▶ _SOURCE DATA_:
※ ※ ※

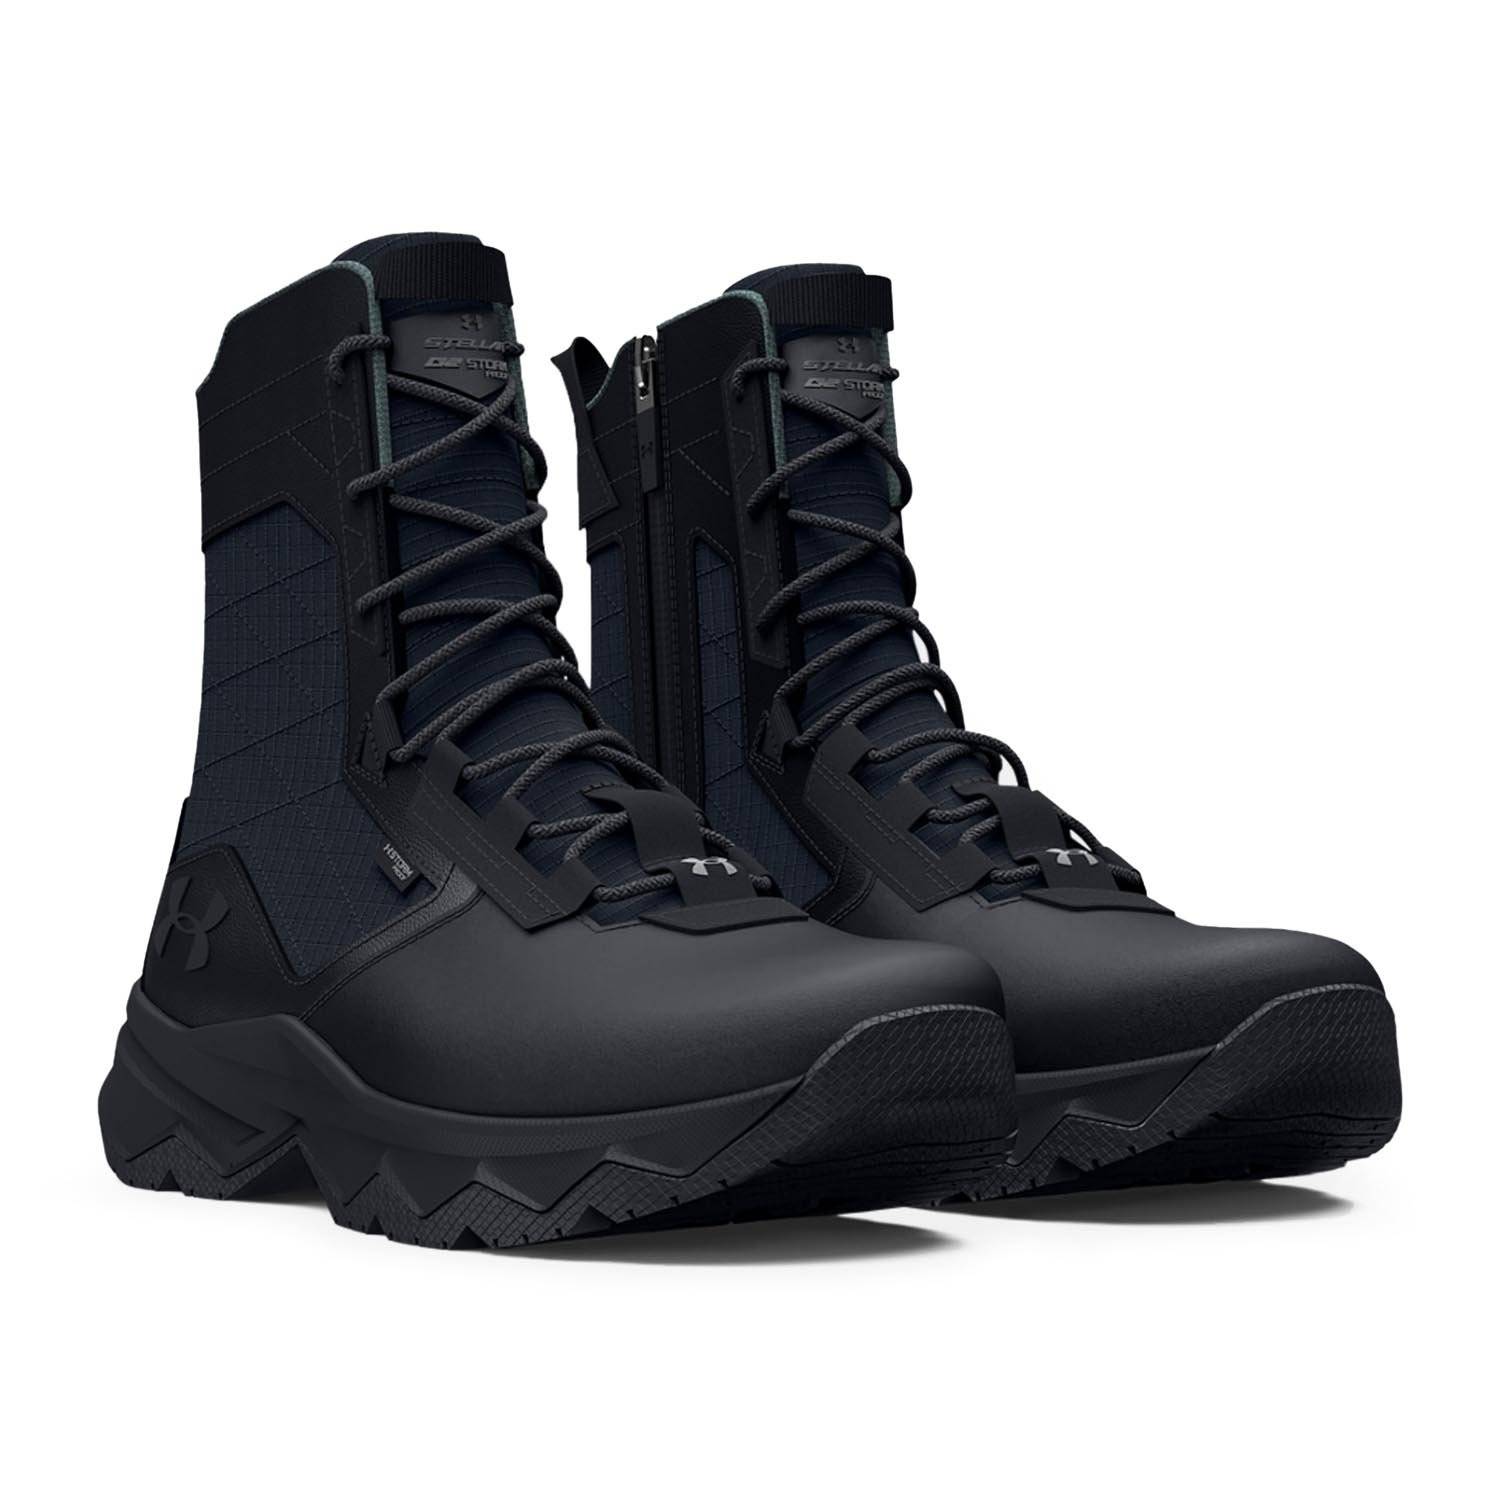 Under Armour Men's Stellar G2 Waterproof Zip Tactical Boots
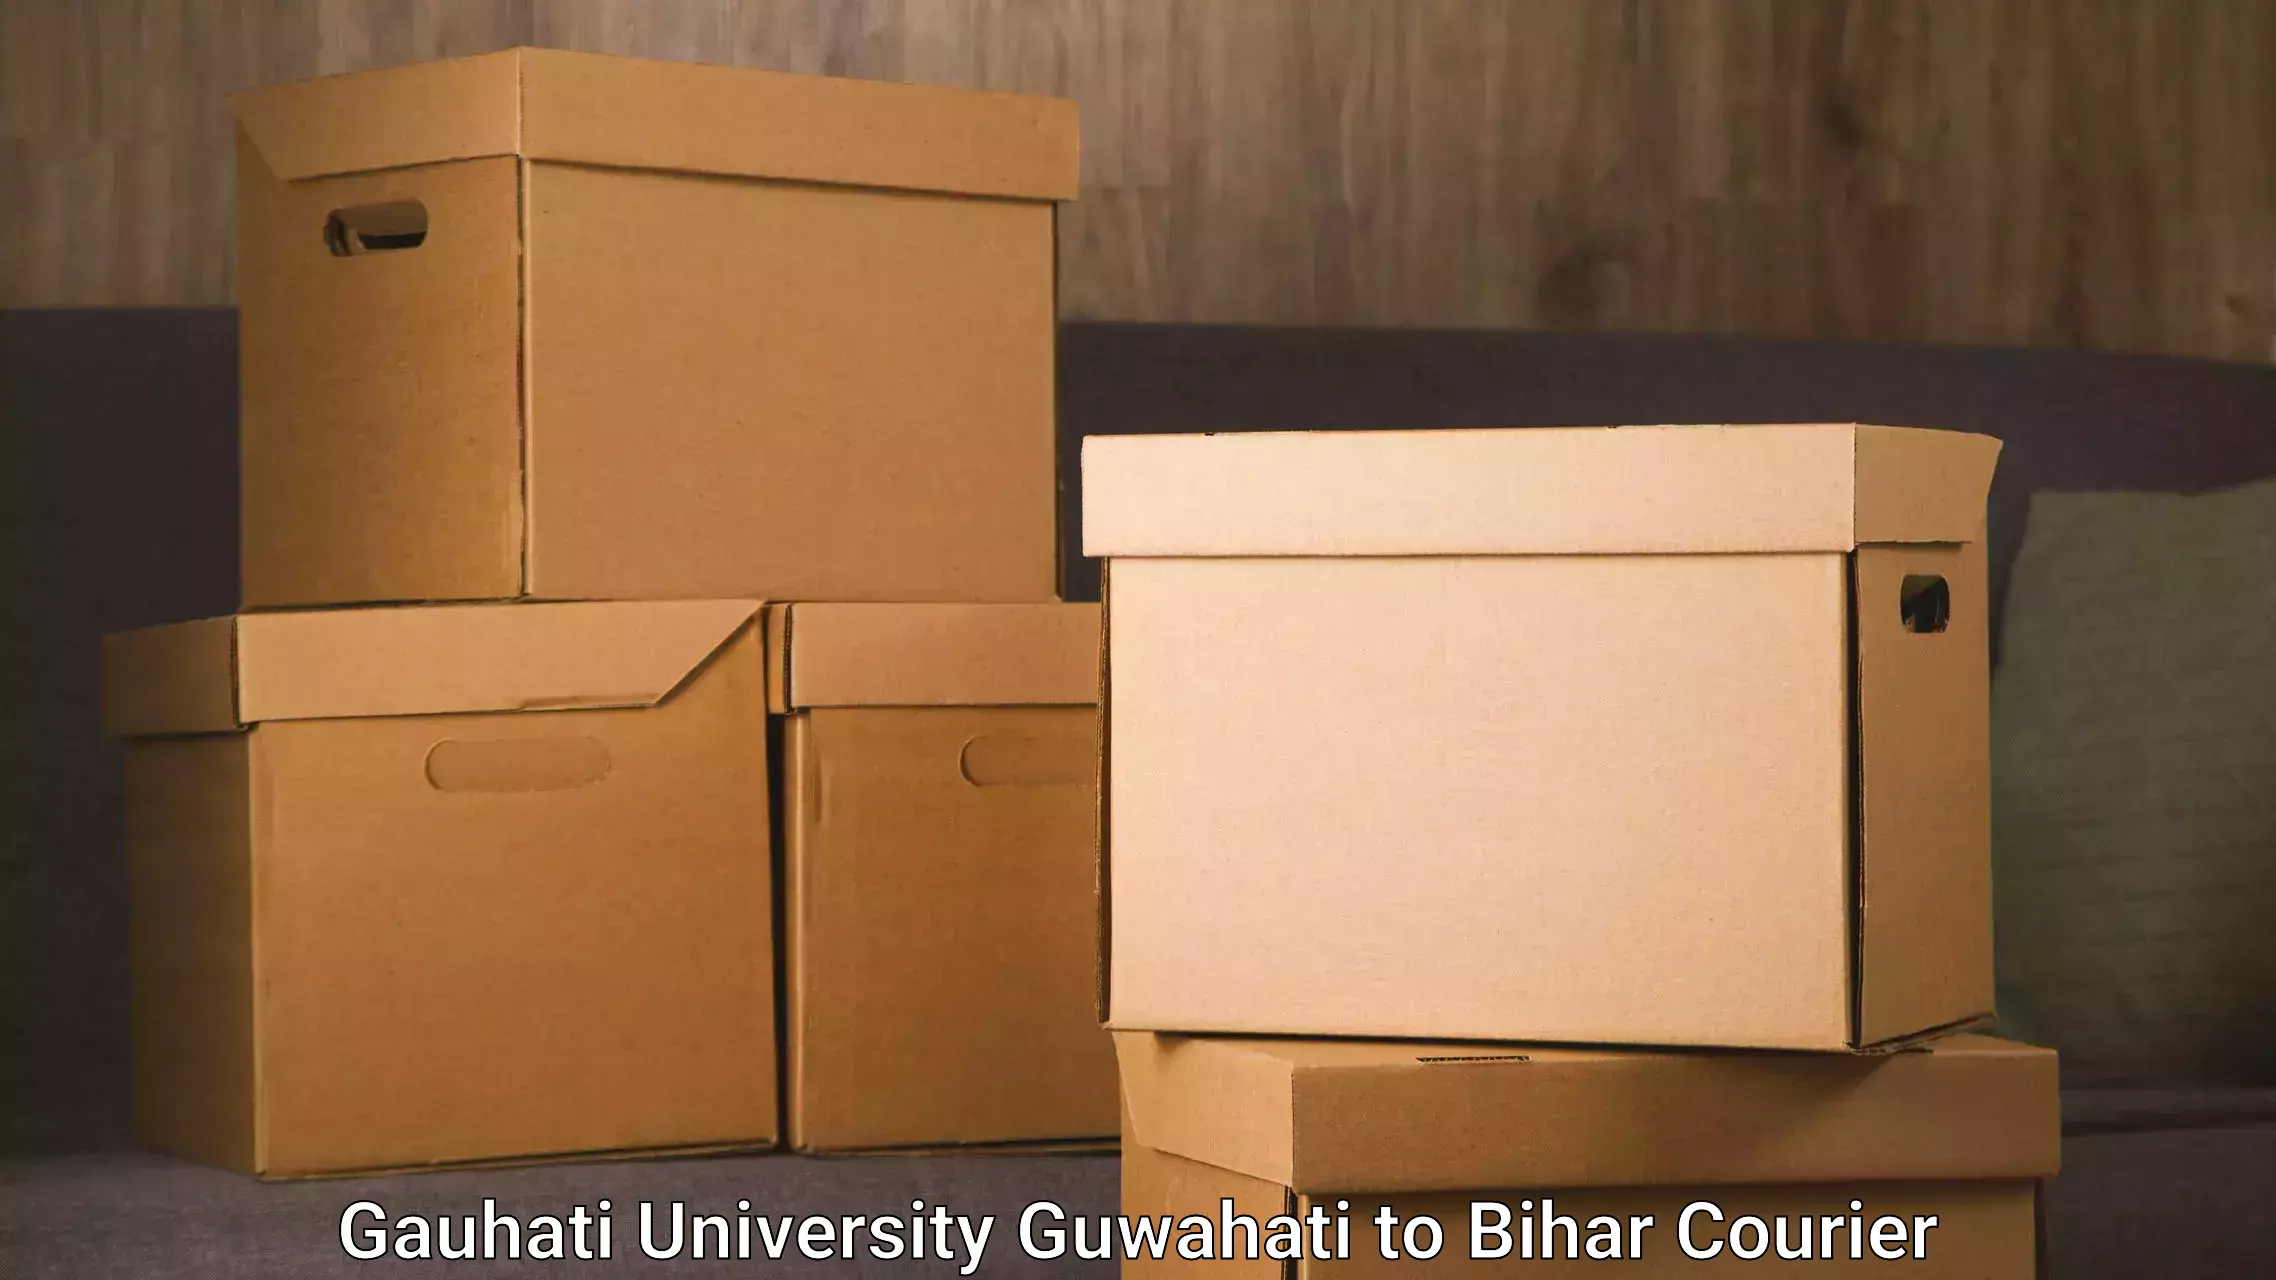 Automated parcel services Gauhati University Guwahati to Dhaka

※ ※ ※

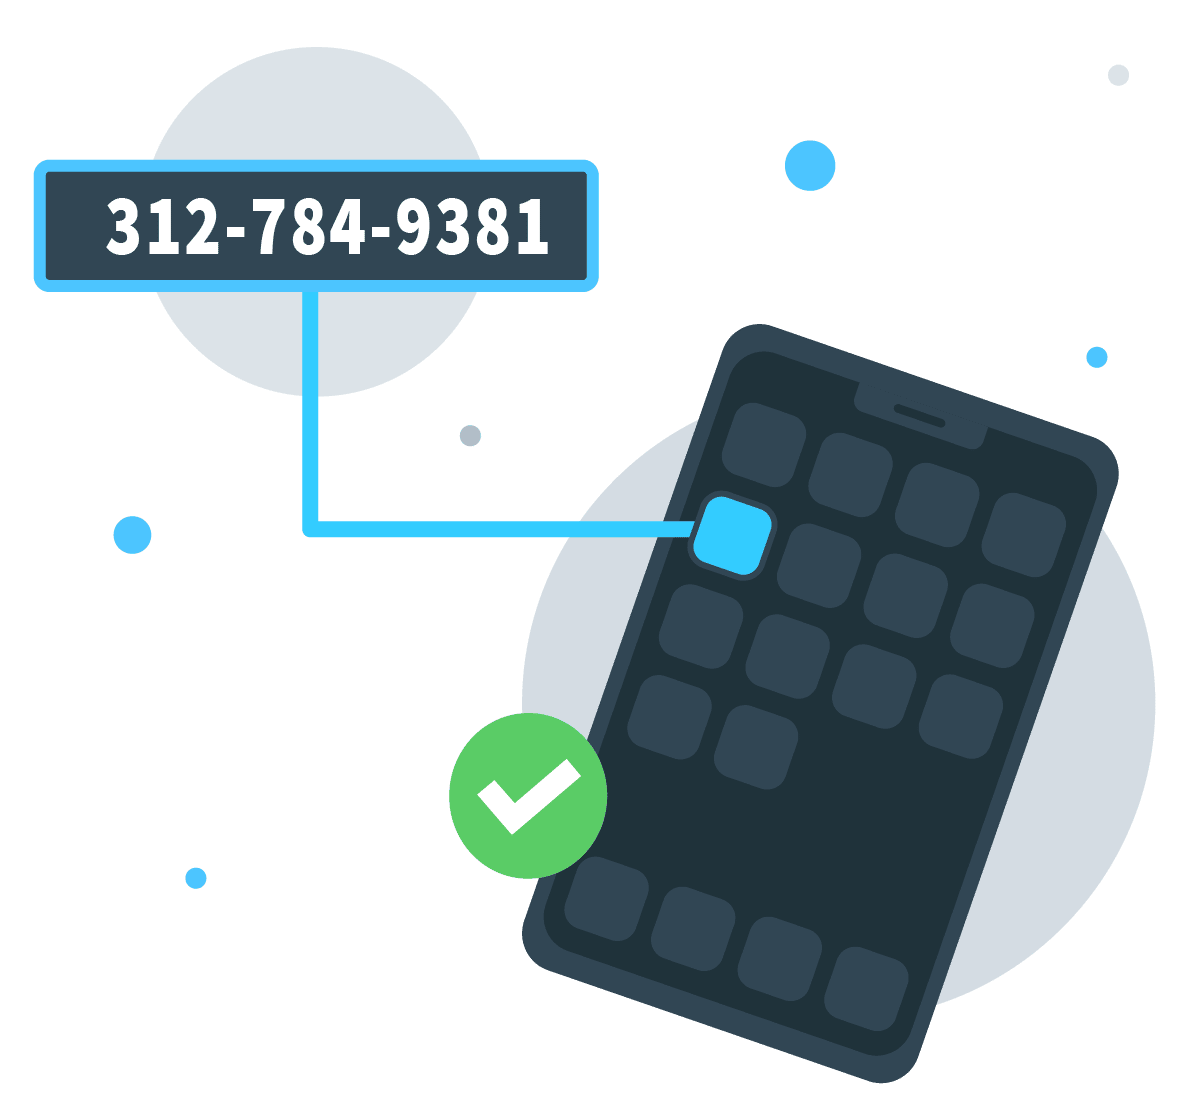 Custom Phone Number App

※ ※ ※

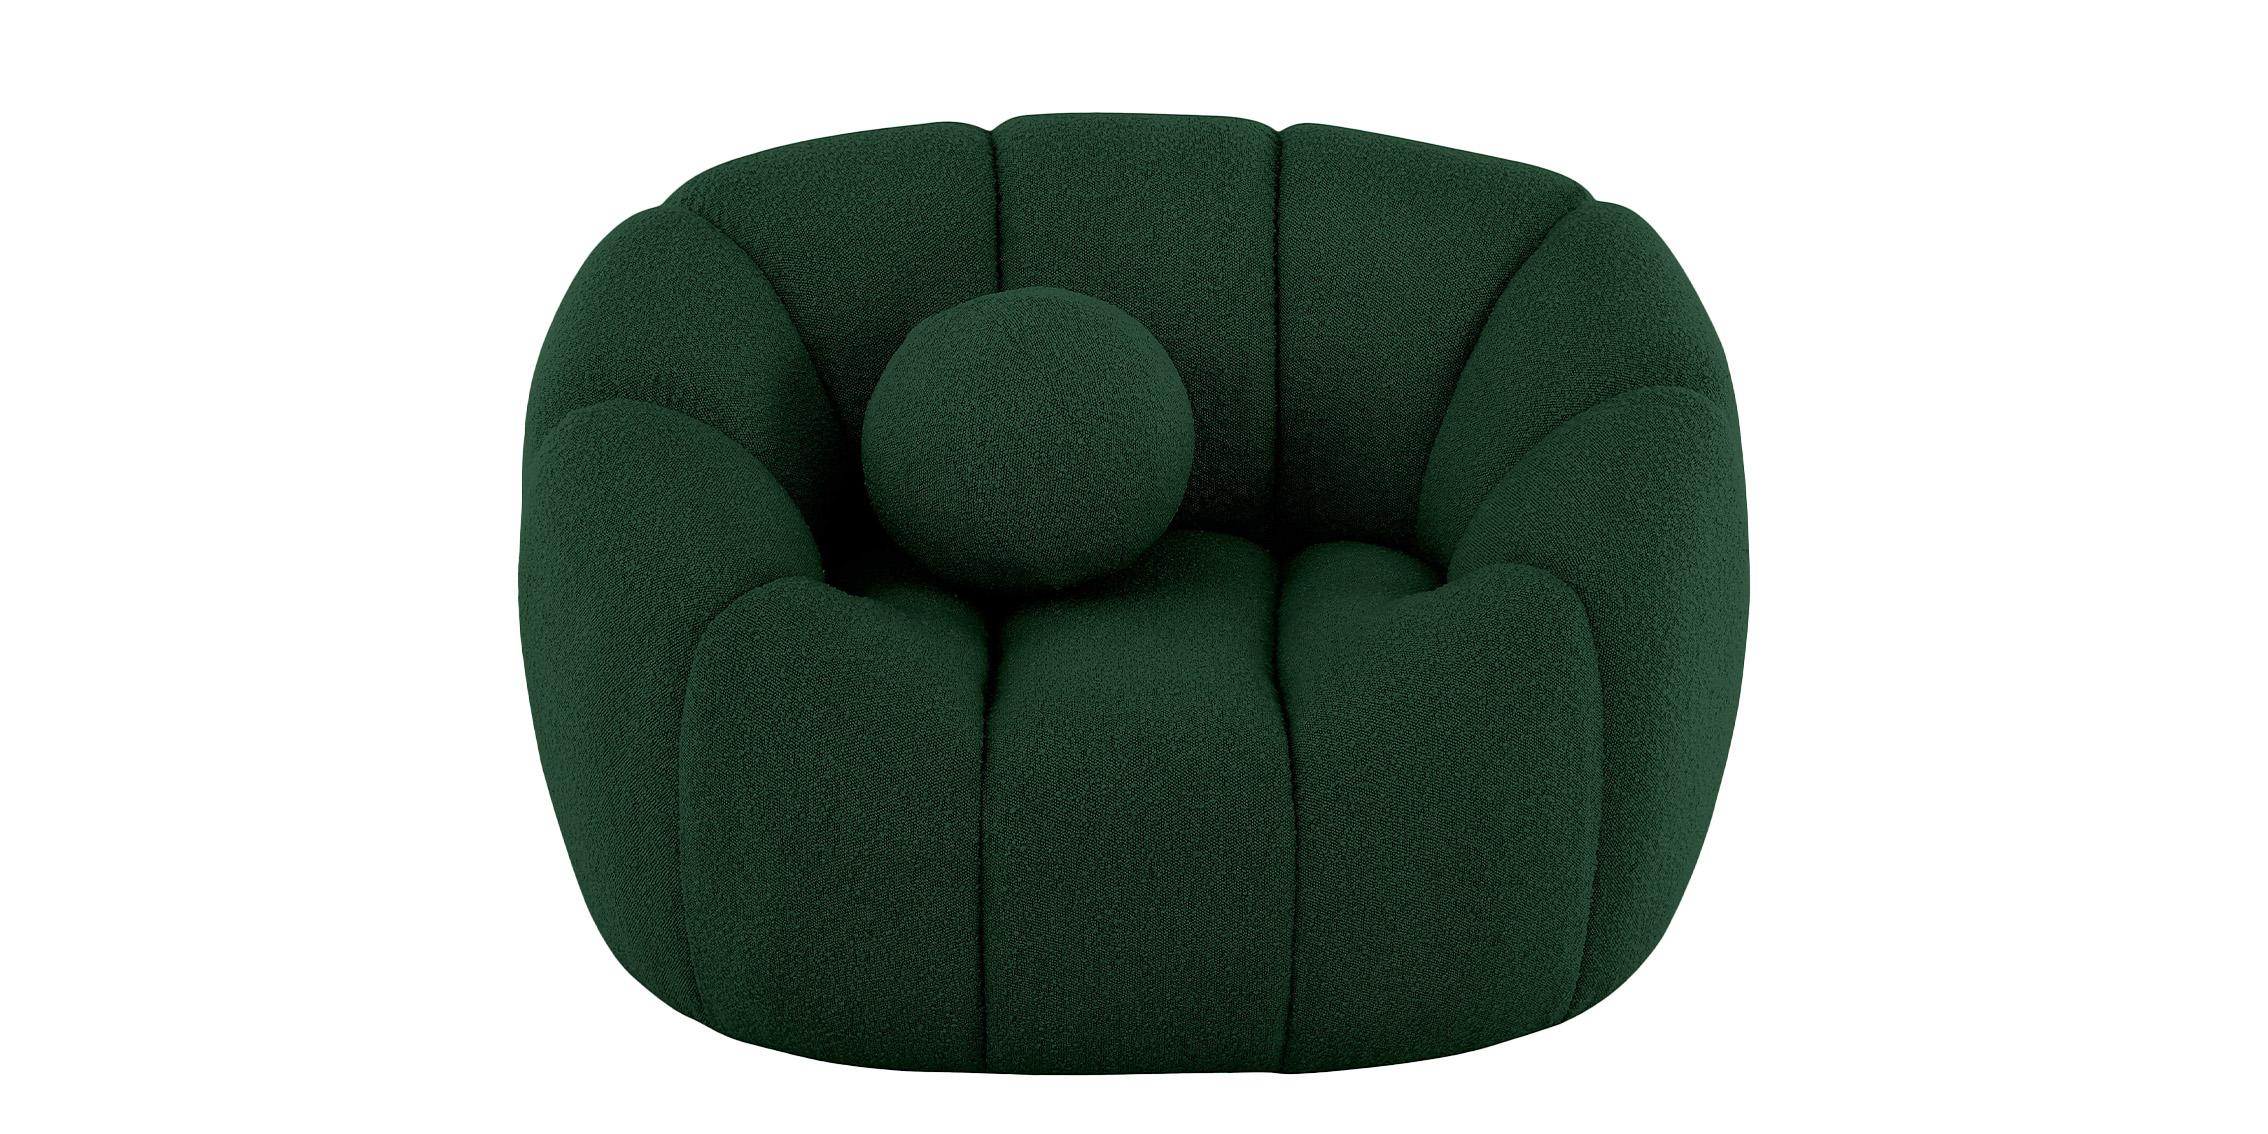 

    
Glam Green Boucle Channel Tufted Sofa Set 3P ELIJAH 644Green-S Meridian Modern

※ ※ ※

▶ _EXERCISE INSTRUCTIONS_:
Drop the pictures; return the lines above from the line containing "Under Armour Men's" to the line containing "Automated parcel services", both included, exactly.

▶ _TASK RESULT_:
 Under Armour Men's Stellar G2 Waterproof Zip Tactical Boots
 Automated parcel services Gauhati University Guwahati to Dhaka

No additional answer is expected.